🔴 Paura ad alta quota: un Boeing colpisce un drone a 3.000 piedi, scatta l’allarme sicurezza nei cieli
Momenti di forte tensione nei cieli sopra gli Stati Uniti, dove un volo di linea si è scontrato con un drone durante la fase di avvicinamento. L’episodio ha riacceso il dibattito sulla sicurezza dello spazio aereo e sull’utilizzo non autorizzato dei velivoli senza pilota.
Secondo le prime ricostruzioni, il Boeing 737, partito da San Francisco, ha impattato contro un piccolo oggetto descritto dal pilota come «rosso e lucido» mentre si trovava a circa 3.000 piedi di altitudine, poco prima dell’atterraggio.

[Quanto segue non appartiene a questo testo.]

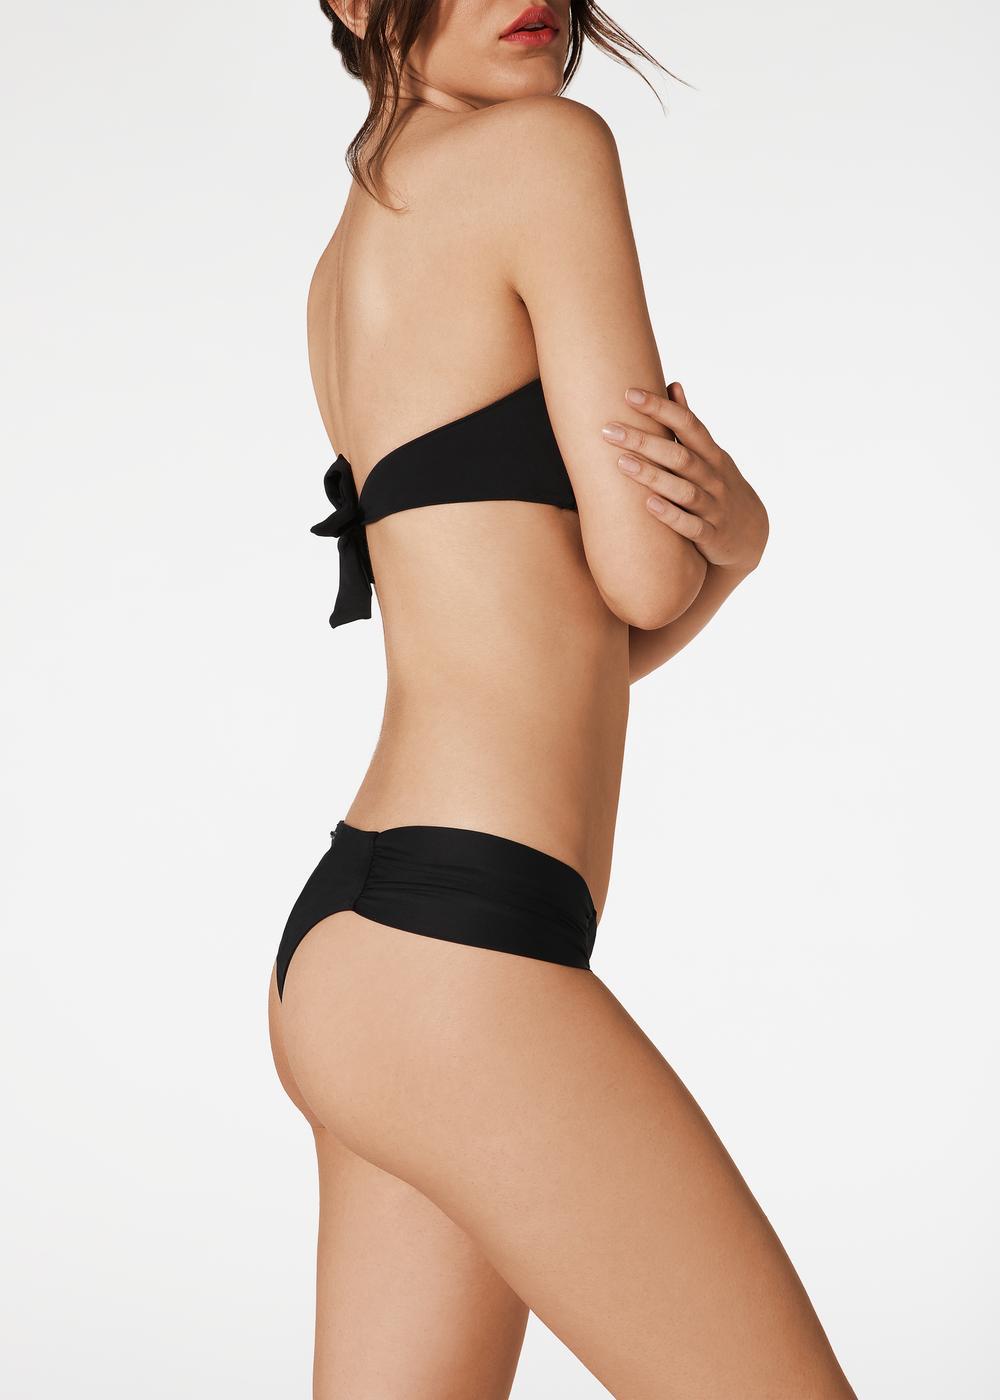 Indonesia Ruffle Brazilian Bikini Bottoms

Dinamica dell’incidente e ricostruzione
Il volo è decollato intorno alle 7:14 e stava completando la fase finale del viaggio quando si è verificato l’impatto. L’atterraggio è comunque avvenuto senza ulteriori problemi intorno alle 8:30, ma l’episodio ha immediatamente attivato verifiche e indagini.
Nelle comunicazioni audio con il controllo operativo, il pilota ha confermato l’impatto, sottolineando le dimensioni ridotte dell’oggetto e la sua colorazione brillante. A bordo si trovavano 48 passeggeri e 6 membri dell’equipaggio.
Il mistero del drone a quota proibita
Resta aperto il giallo sull’origine del drone. Le normative vietano il volo sopra i 400 piedi senza autorizzazione e proibiscono in modo assoluto l’accesso allo spazio aereo vicino agli aeroporti.
La presenza di un dispositivo a 3.000 piedi solleva interrogativi seri: si tratta di un uso illegale, di un errore o di un sistema più avanzato rispetto ai comuni droni amatoriali?
Sicurezza aerea sotto pressione
Sebbene le collisioni tra aerei e droni siano considerate rare, negli ultimi anni si è registrato un aumento significativo delle segnalazioni di incontri ravvicinati. Un trend che preoccupa autorità e compagnie aeree.
L’episodio ha rapidamente acceso il dibattito online, con molti utenti che si chiedono come sia possibile che un drone riesca a raggiungere quote così elevate in uno spazio aereo controllato.
Le indagini sono ora in corso per chiarire la dinamica e individuare eventuali responsabilità, mentre cresce l’attenzione sulla necessità di controlli più rigidi e tecnologie di prevenzione.